Shimmer refilled my glass and we silently toasted again. After we drank, he said “Yeah. When we held the Empire State Building hostage, me and Alpha Dog and Jericho Jim. I was doing my thing, hiding us, when the Virtue Brigade crashes the party. Turned out the Insidious Nine’s take-over of the Mons Olympus observatory got taken care of pretty quick and they’d hitched a ride home on a nearby I’kularr cruiser.”
“When was this?”
“’85. So, we think we’re home free, nobody but second-rate capes in town and goddamn if Pallas herself didn’t come busting through the wall. Jericho blows his damn horn, walls are crumbling, glass everywhere, that weirdo StarTracker had blown through my illusions like fucking nothing and I ran for it.
“Just as I’m headed out the door, Jericho gives another toot and I’m blown out onto the observation deck. Except the barricades are rubble and on their way to the street below and half a second later, so am I.
“Man, I screamed like a little girl. 86 stories up, that deck, and I’m headed down without an elevator.”
“I’d scream too. Probably shit myself.” I shuddered, thinking about it. I hate heights.
“Anyway, all I see then is a quick blur of red, gold and blue and then there’s something hard around my middle and I’m going up. And he’s got me. He even says that: ‘I’ve got you.’ And I felt okay. You know? Like when you’re a kid and you get scared and your dad says ‘I’ve got you.’ Safe.”
“I wouldn’t know,” I said. “I don’t remember being a kid.”
“Oh. Sorry. Anyway, I knew I was going to be okay. Not great , because once He’s got you you’re got , man, and I knew I was gonna do time, but I wasn’t going to die. Not that day.”
“Yeah."
“Yeah.”
The red light over the door blinked. Shimmer checked a monitor behind the bar and buzzed the door open. King Kraken lumbered in, his scales rasping against one another. He blinked his yellow slit-irised eyes at us.
“You guys hear?” he rumbled.
Shimmer nodded toward the TVs.
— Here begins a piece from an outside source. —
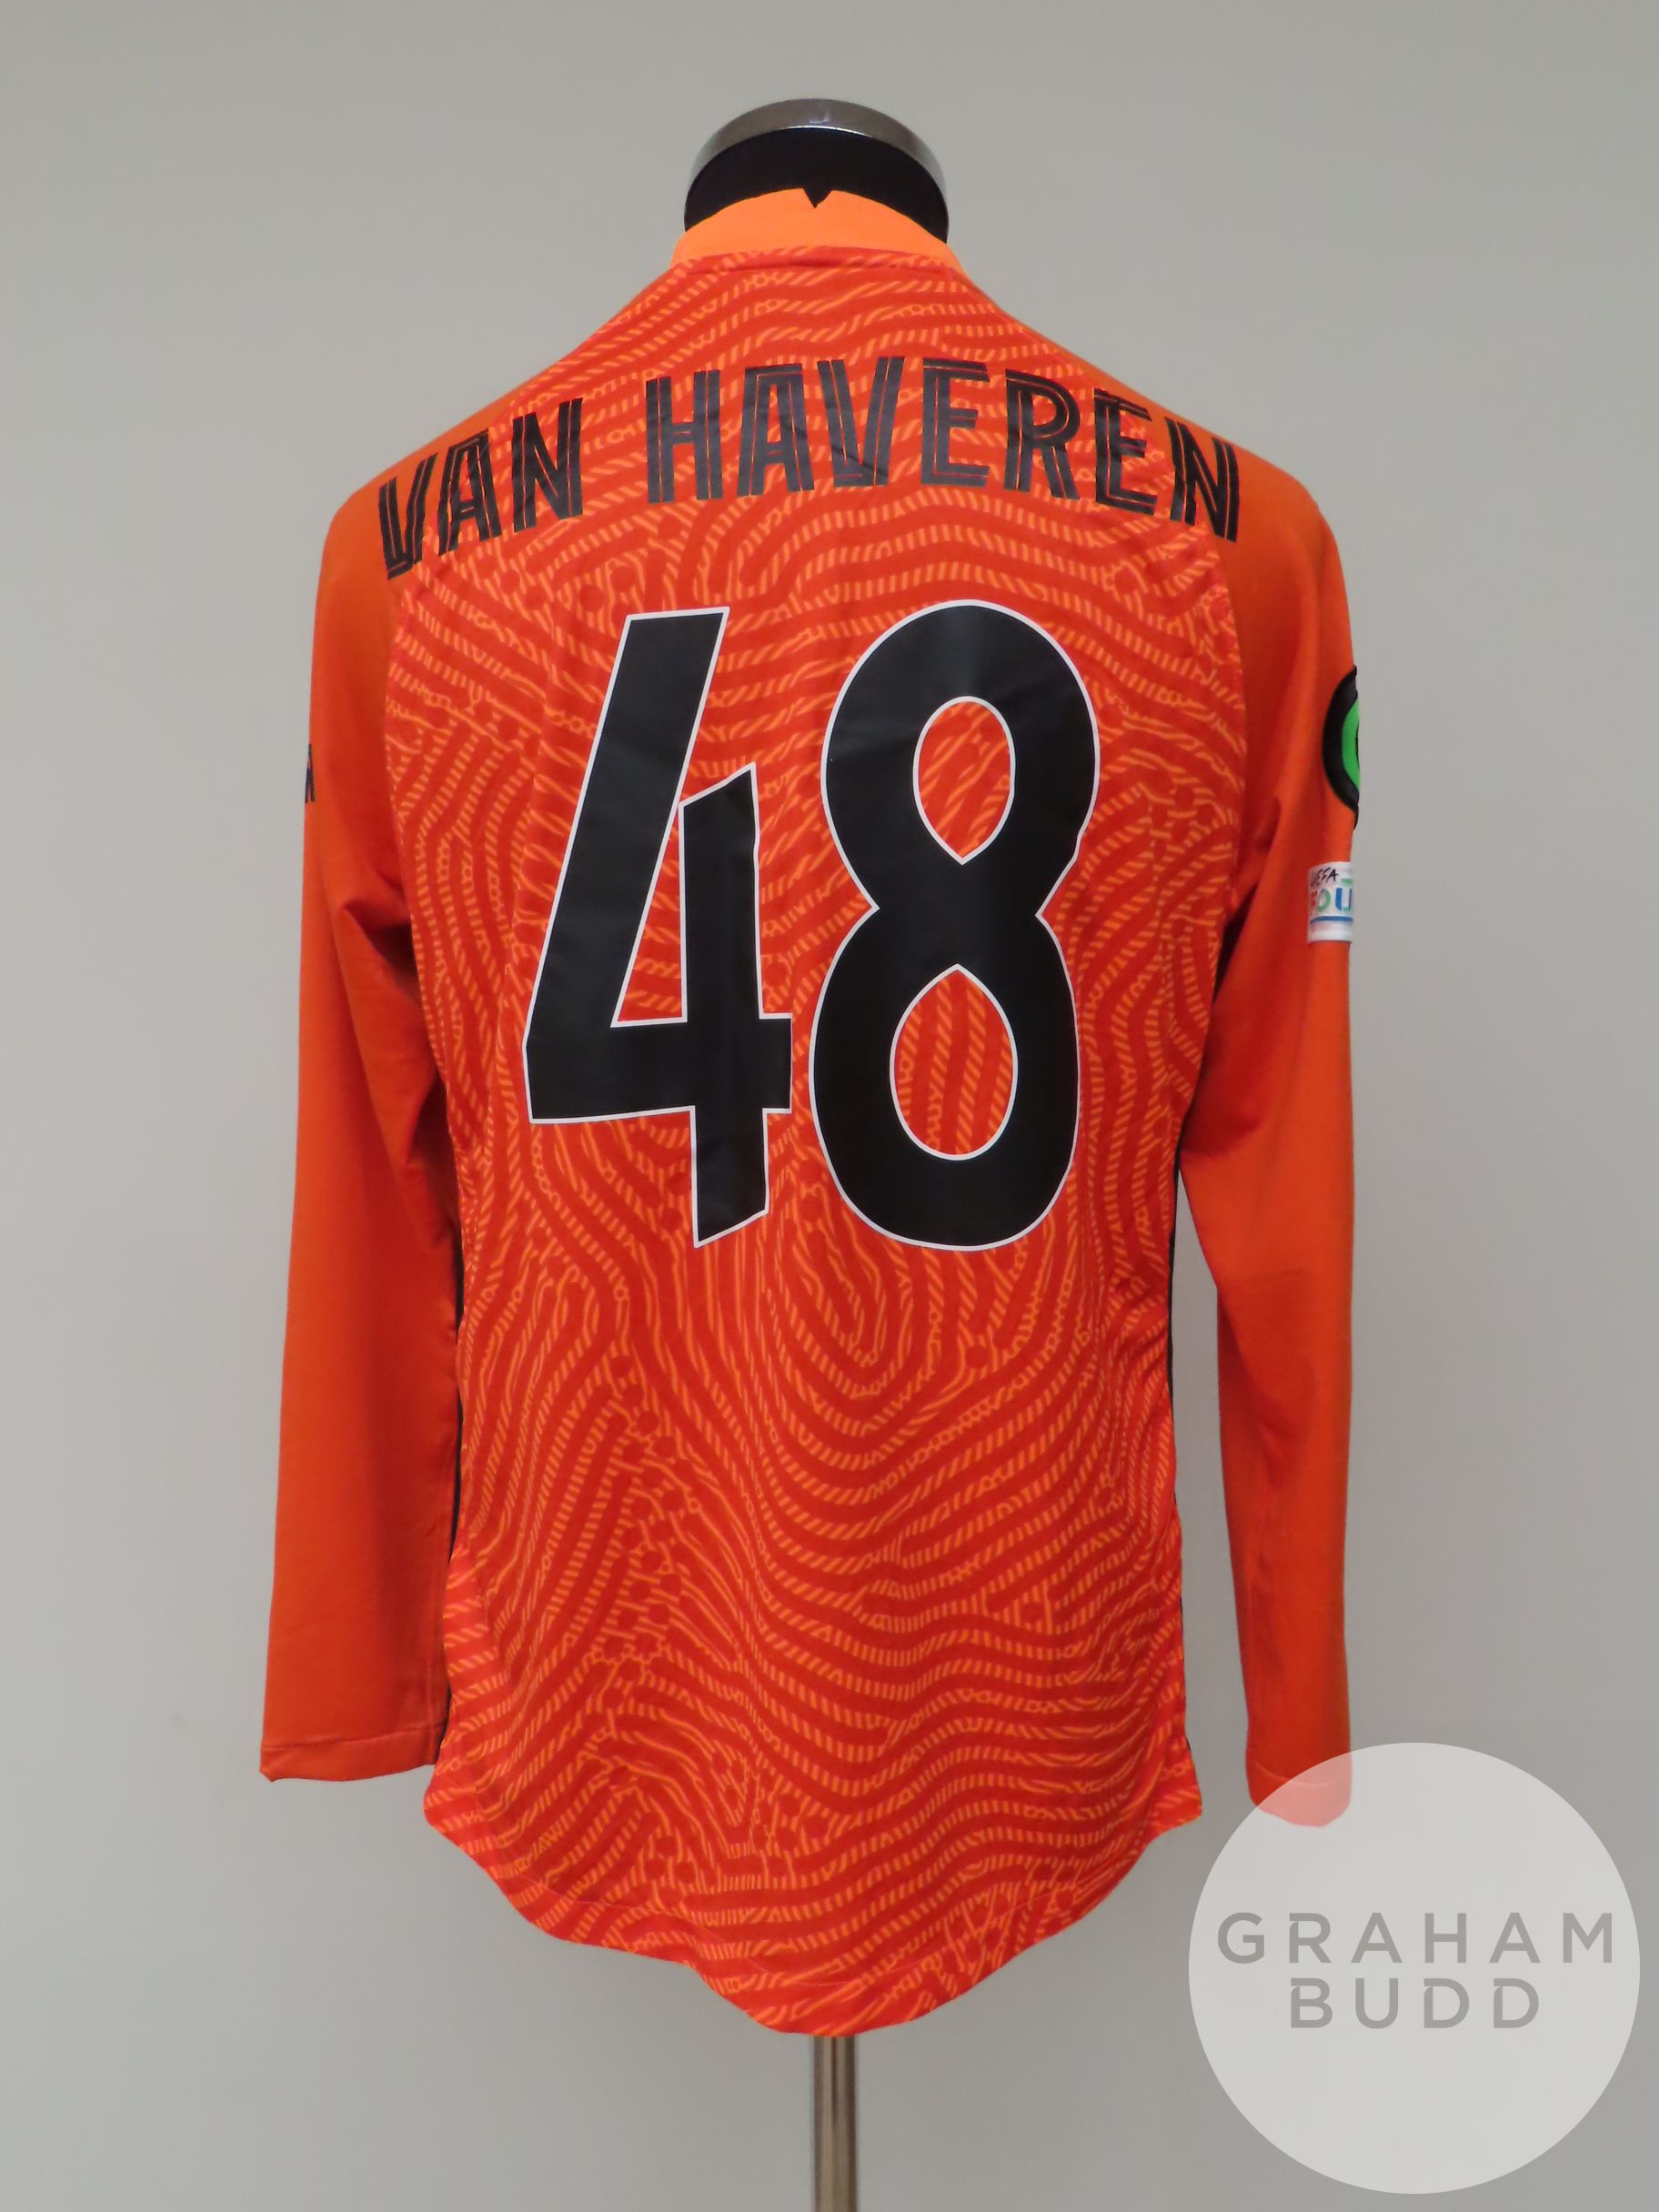 Nigel van Haveren orange Vitesse no.48 goalkeepers shirt, 2021-22, - Image 2 of 2
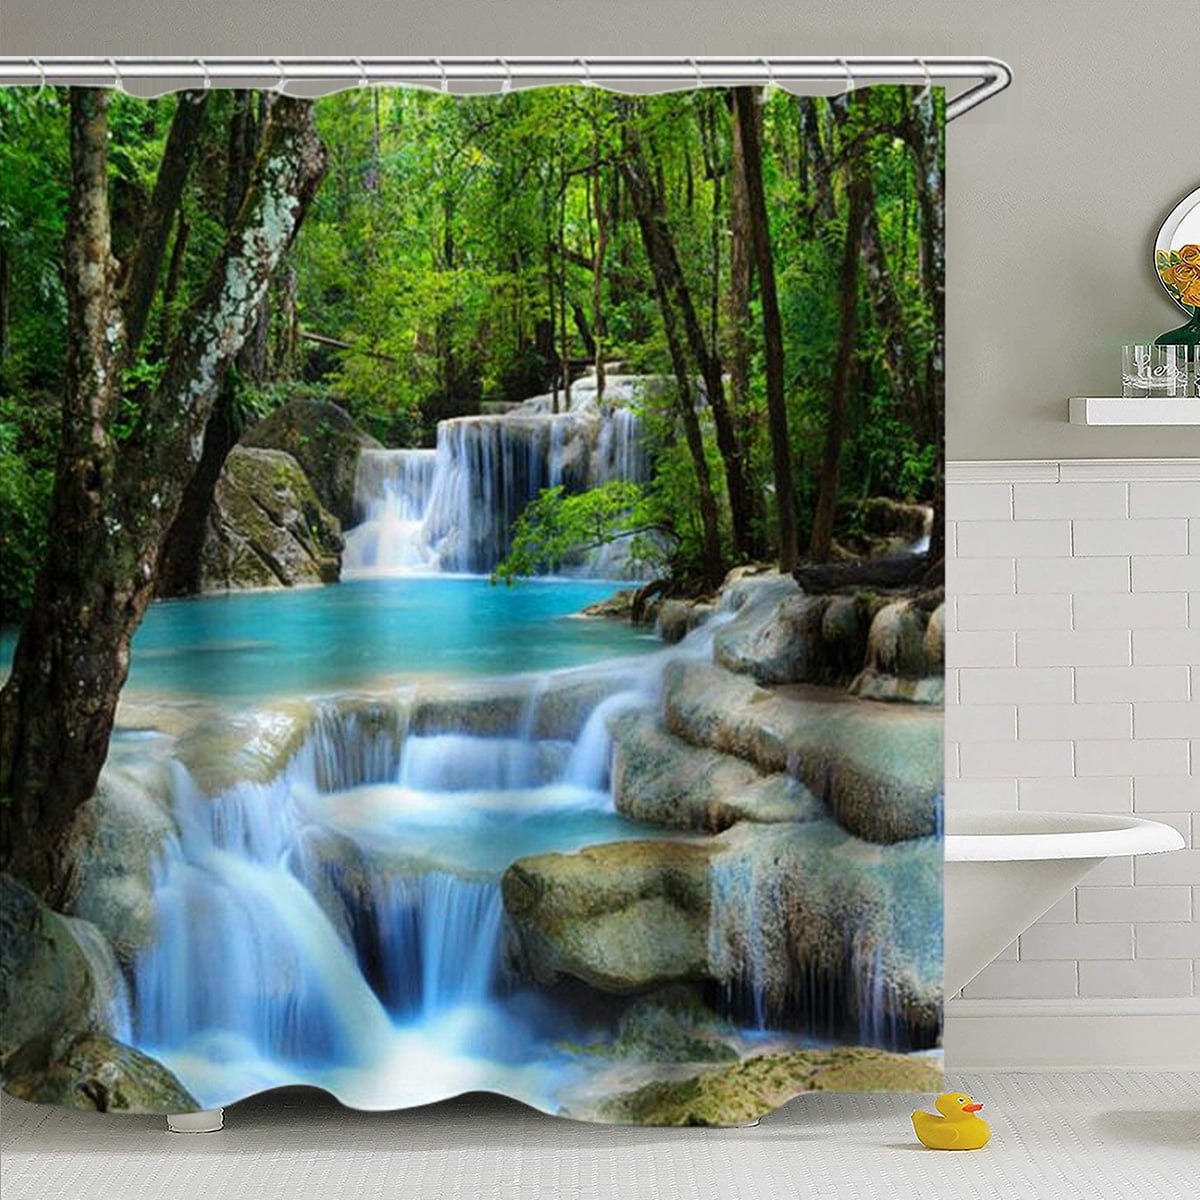 Stream Scenery Nature Shower Curtain Lid Toilet Cover Pedestal Rug Bathroom Mat

Kraken grunted and shambled over to the bar.
“What are you guys drinking?”
“Glen Garioch, ’58,” Shimmer answered.
Kraken whistled through his gills. “Heavy stuff. You celebrating…?”
“No,” I said, curt.
Kraken nodded his heavy head. “He took me out in ’93,” the fish-man rasped. “Defused a bomb I had no right using while he was at it. Probably saved my life, not to mention…”
“Yeah,” Shimmer said. And he produced another tumbler.


Amy - Nov 21, 2008 9:06:32 am PST #1182 of 6690
Because books.

So it's ... sci-fi? I mean, it's not my kind of thing, but it seems like a decent hook for opening a novel like that.


Miracleman - Nov 21, 2008 9:08:14 am PST #1183 of 6690
No, I don't think I will - me, quoting Captain Steve Rogers, to all of 2020

It's...comic books. And sci-fi.

I don't know.


Wolfram - Nov 21, 2008 9:25:27 am PST #1184 of 6690
Visilurking

I love it! It's got a very Kurt Busiek feel, like that alternate perspective on the superhero world that he does in all his comics. Which I dig muchly.

One minor criticism: I think the paragraph that starts "Shimmer’s Place, the bar in which I sat and hoped for a gig...." runs too long. I mean the writing is terrific, but it's too much exposition, and adds very little to the scene. But that's just my opinion.